• [GOAL OF THE EXERCISE]:
Skip the pictures. Set down, word for word, the lines from the start of the material up to and including the line with "Белые демисезонные кроссовки".

• [DATA EXCERPT]:
◆ ◆ ◆

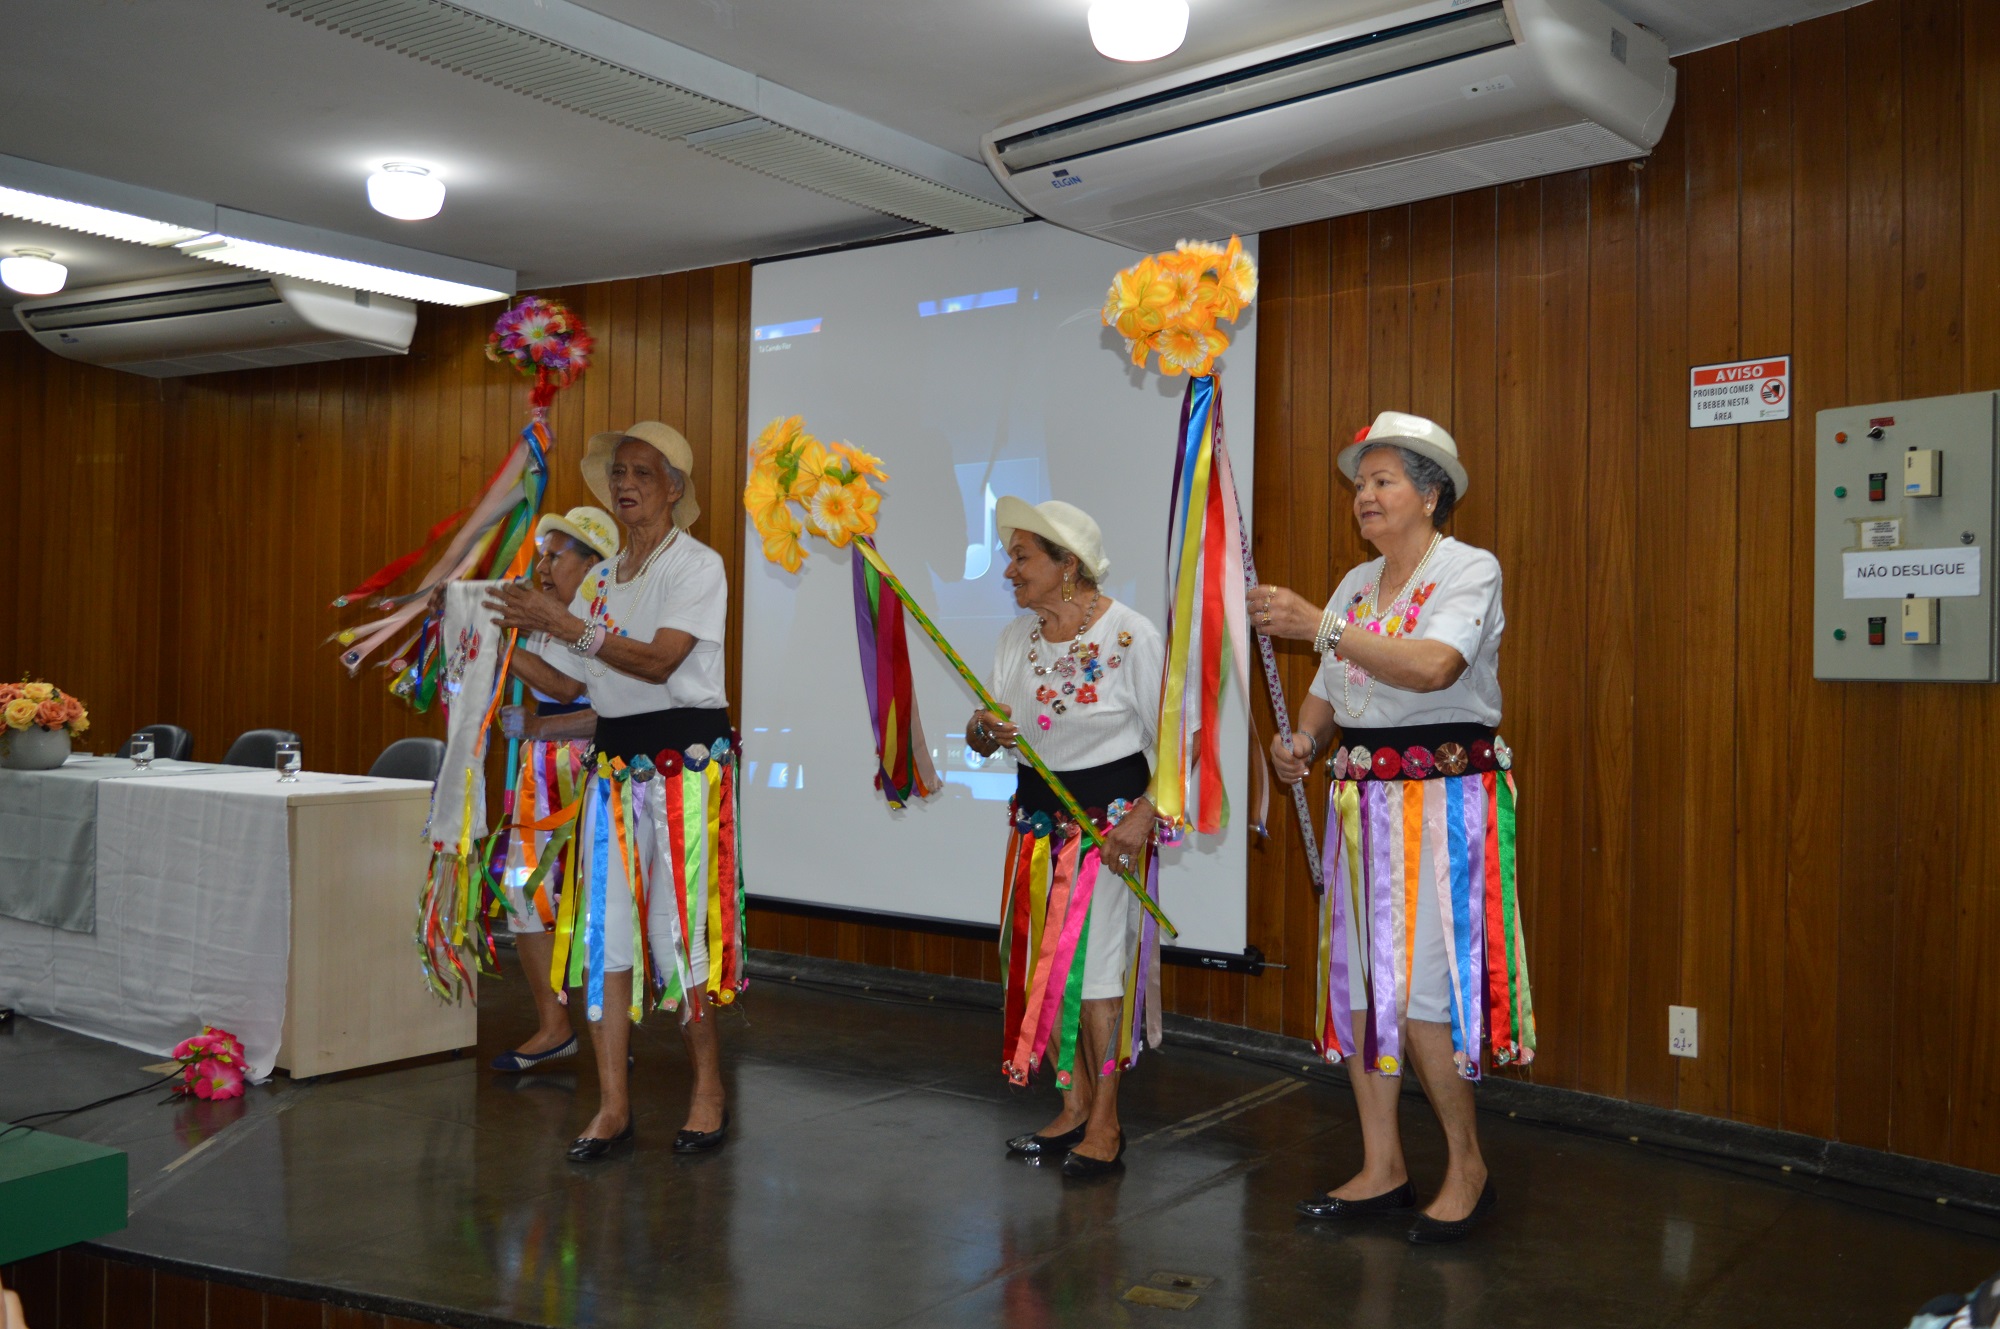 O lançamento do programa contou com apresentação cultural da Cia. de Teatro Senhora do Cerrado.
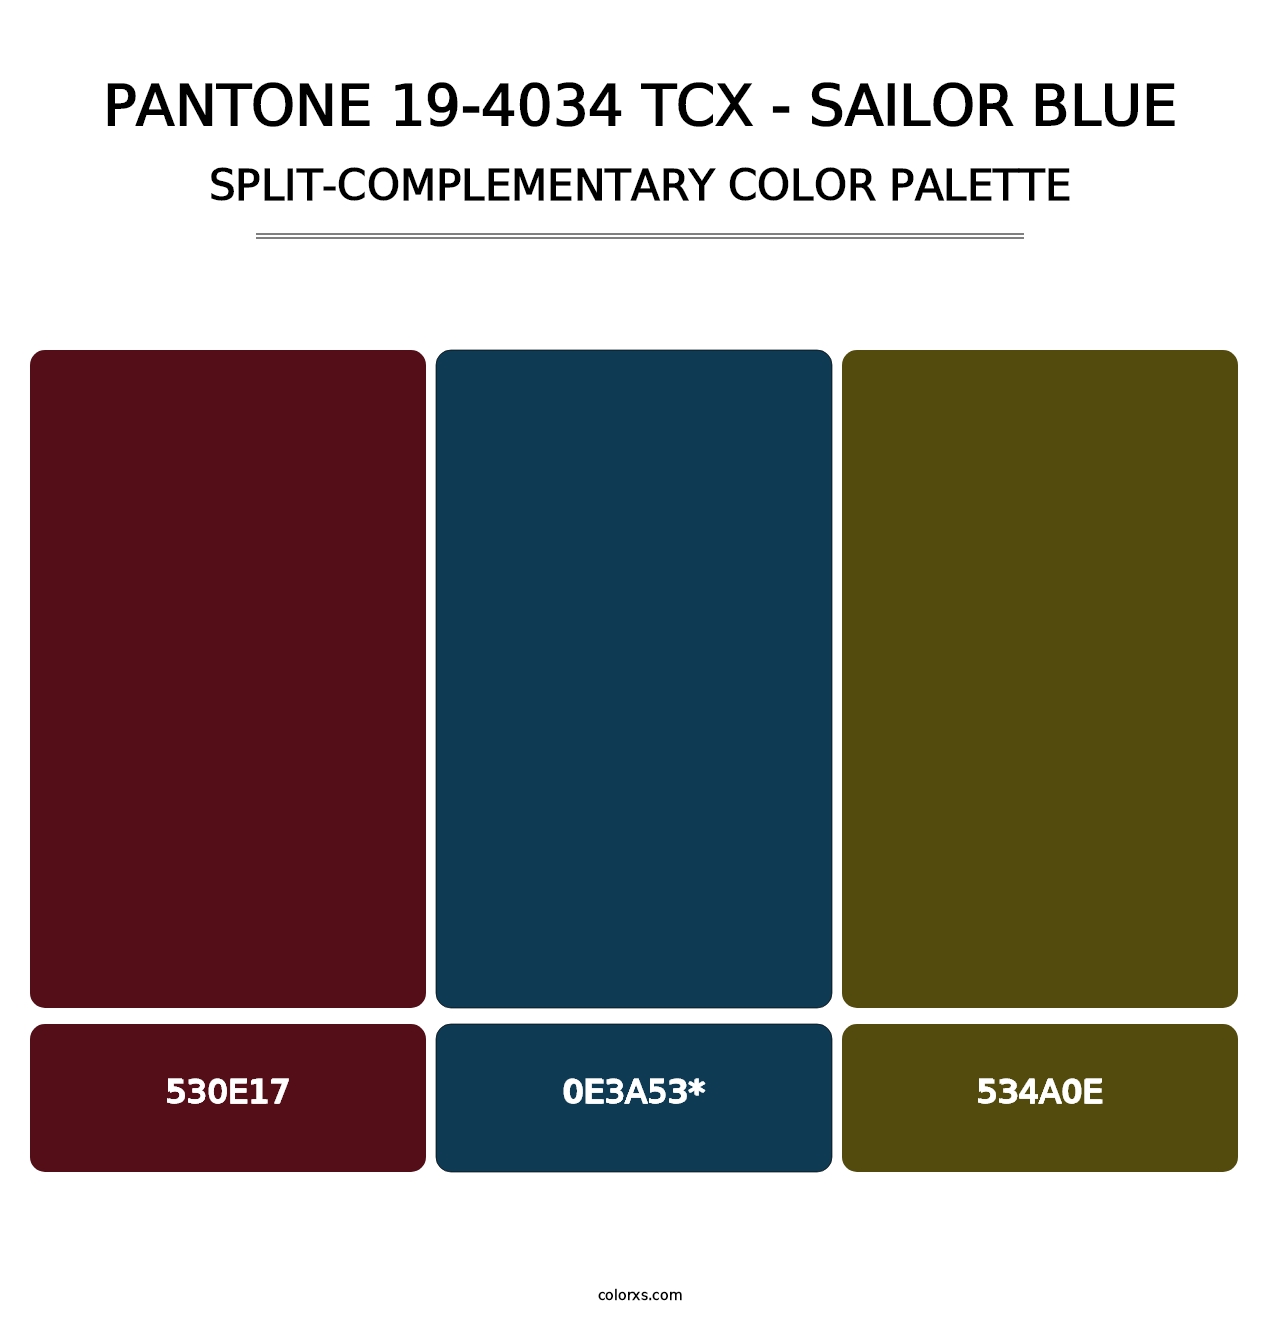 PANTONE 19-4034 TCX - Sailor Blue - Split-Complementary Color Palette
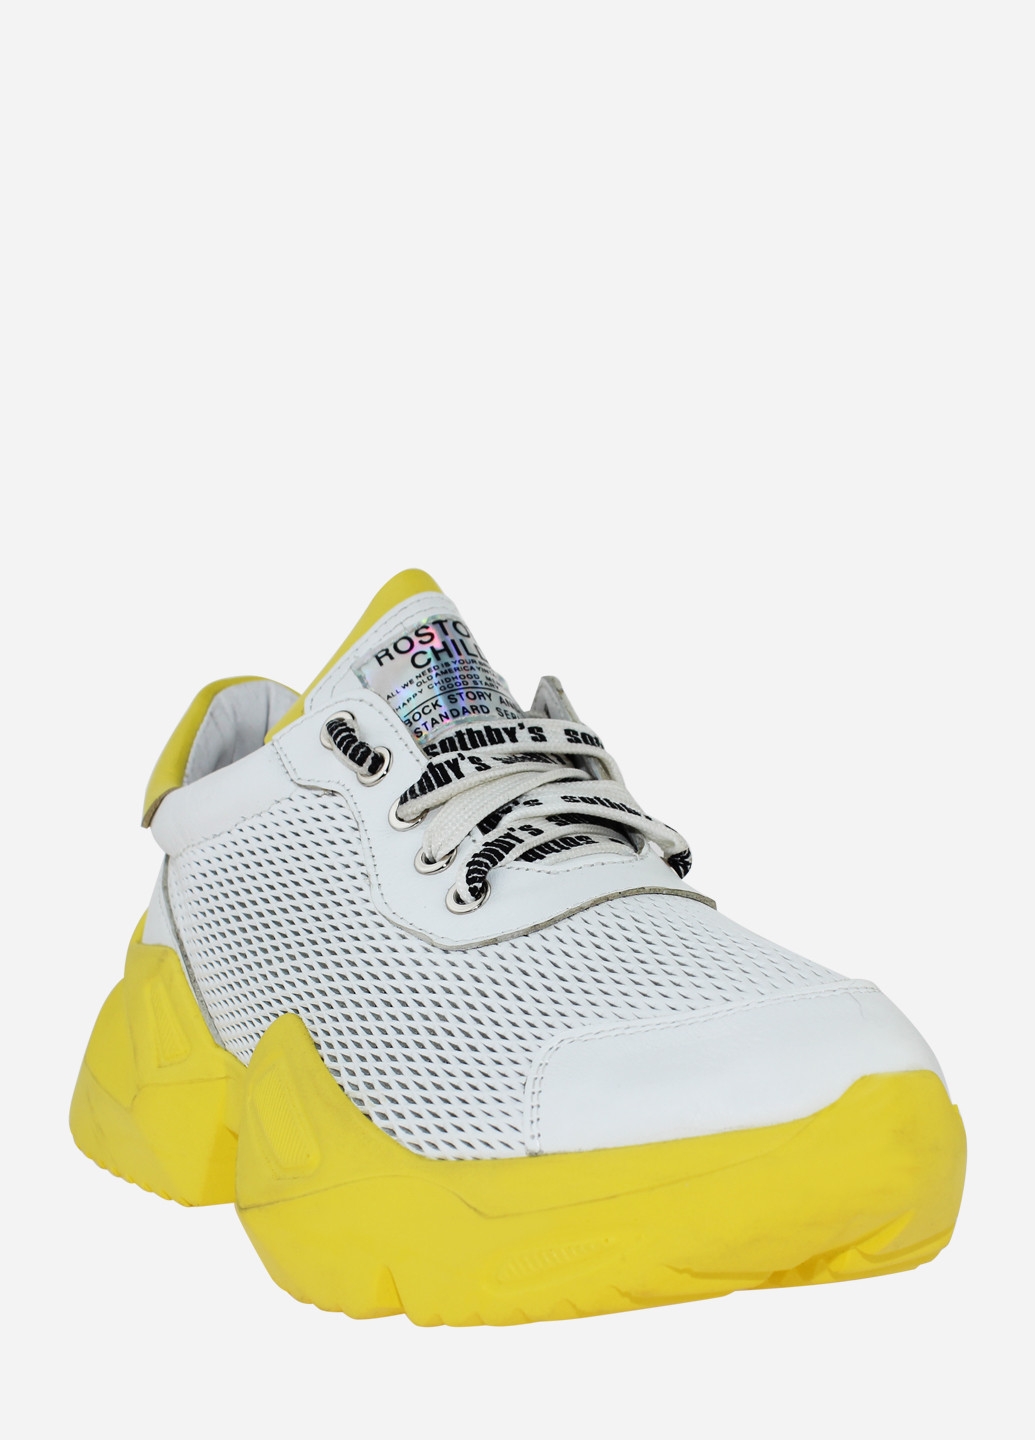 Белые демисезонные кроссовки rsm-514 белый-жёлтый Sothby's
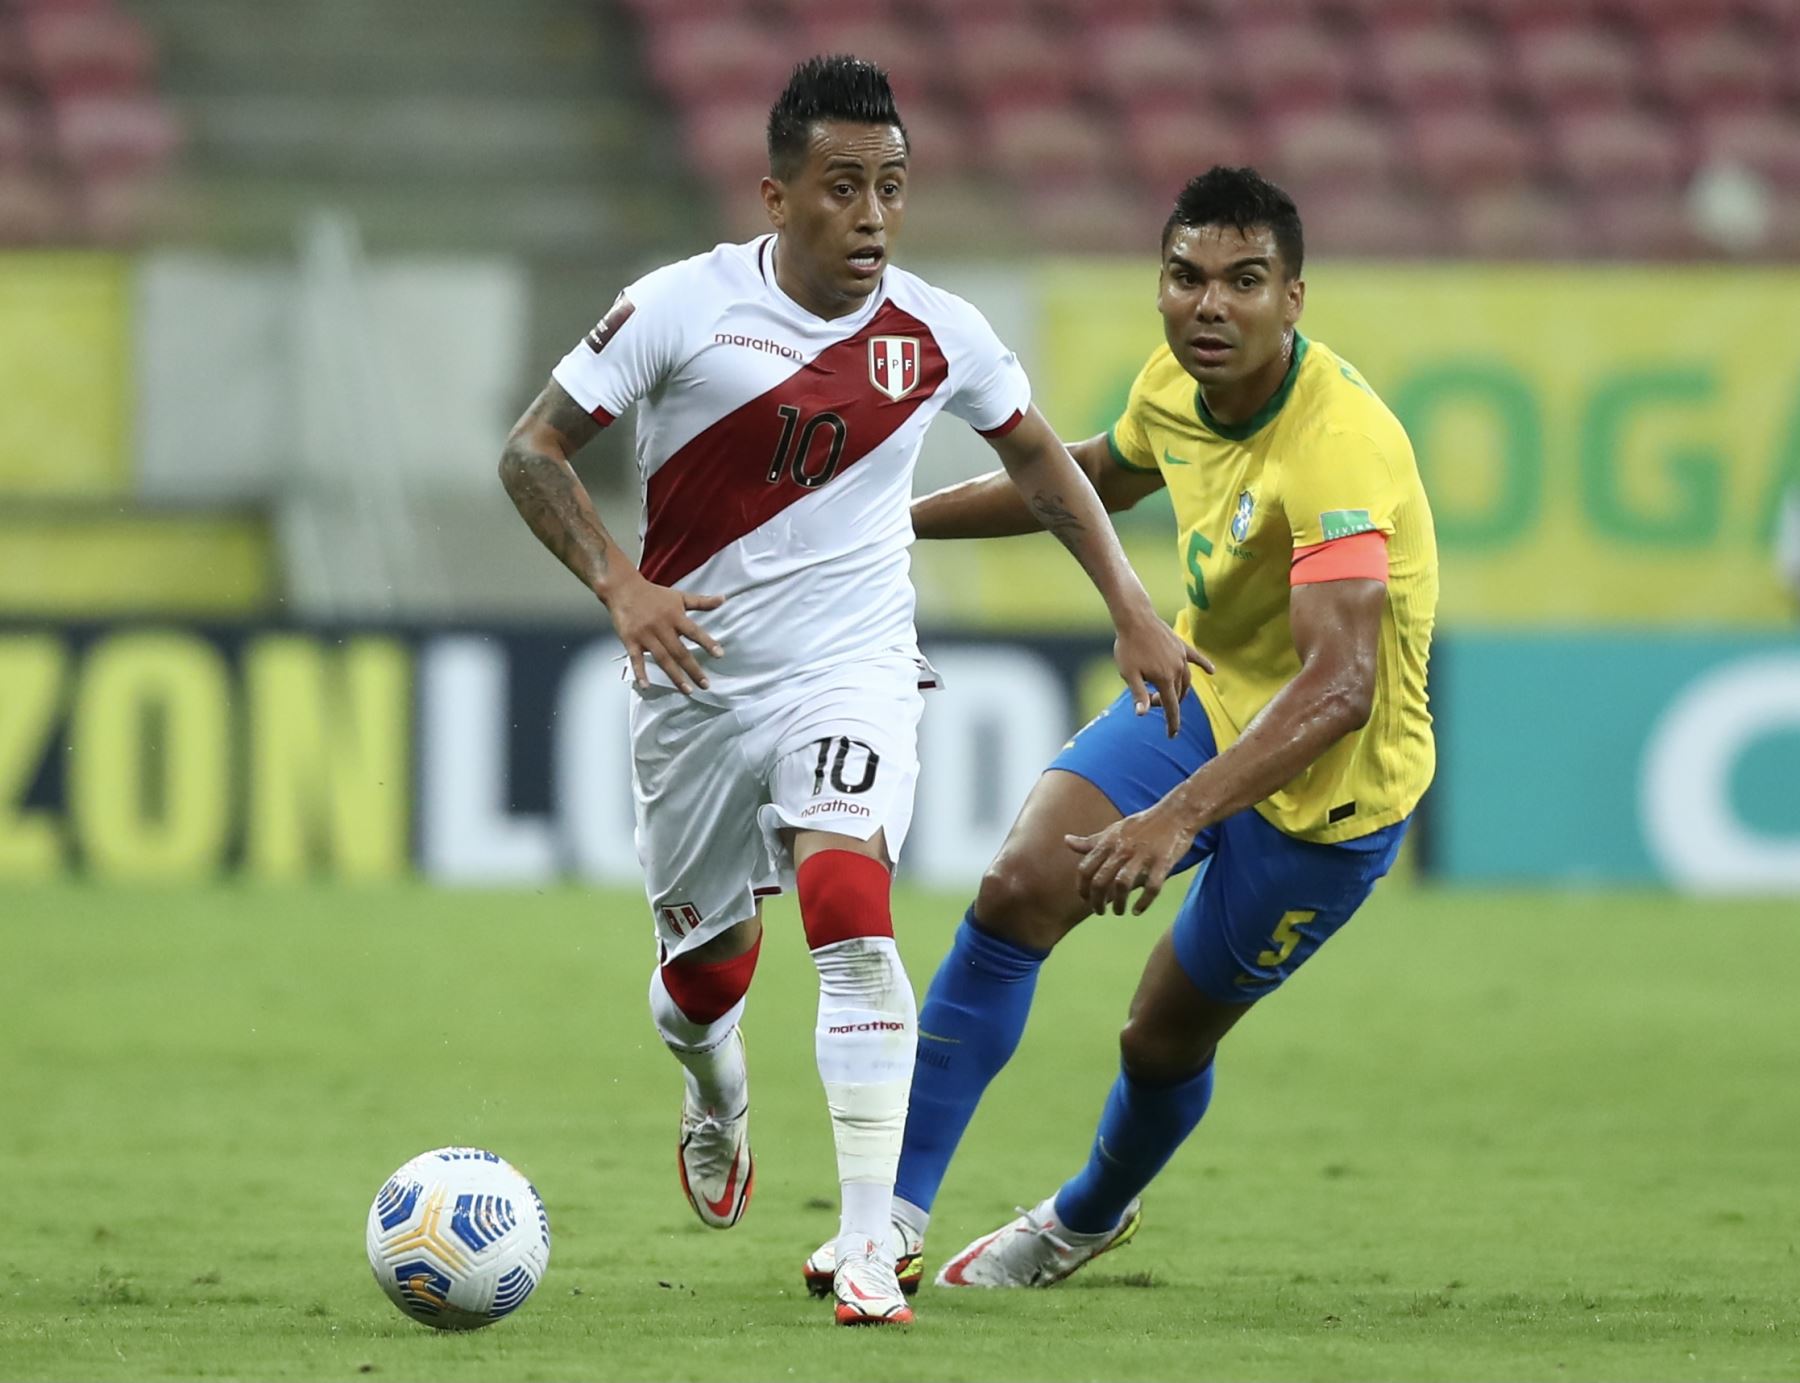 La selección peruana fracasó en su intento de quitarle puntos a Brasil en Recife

◆ ◆ ◆

• [TASK SOLUTION]:
 O lançamento do programa contou com apresentação cultural da Cia. de Teatro Senhora do Cerrado.
 PANTONE 19-4034 TCX - Sailor Blue - Split-Complementary Color Palette
 Белые демисезонные кроссовки rsm-514 белый-жёлтый Sothby's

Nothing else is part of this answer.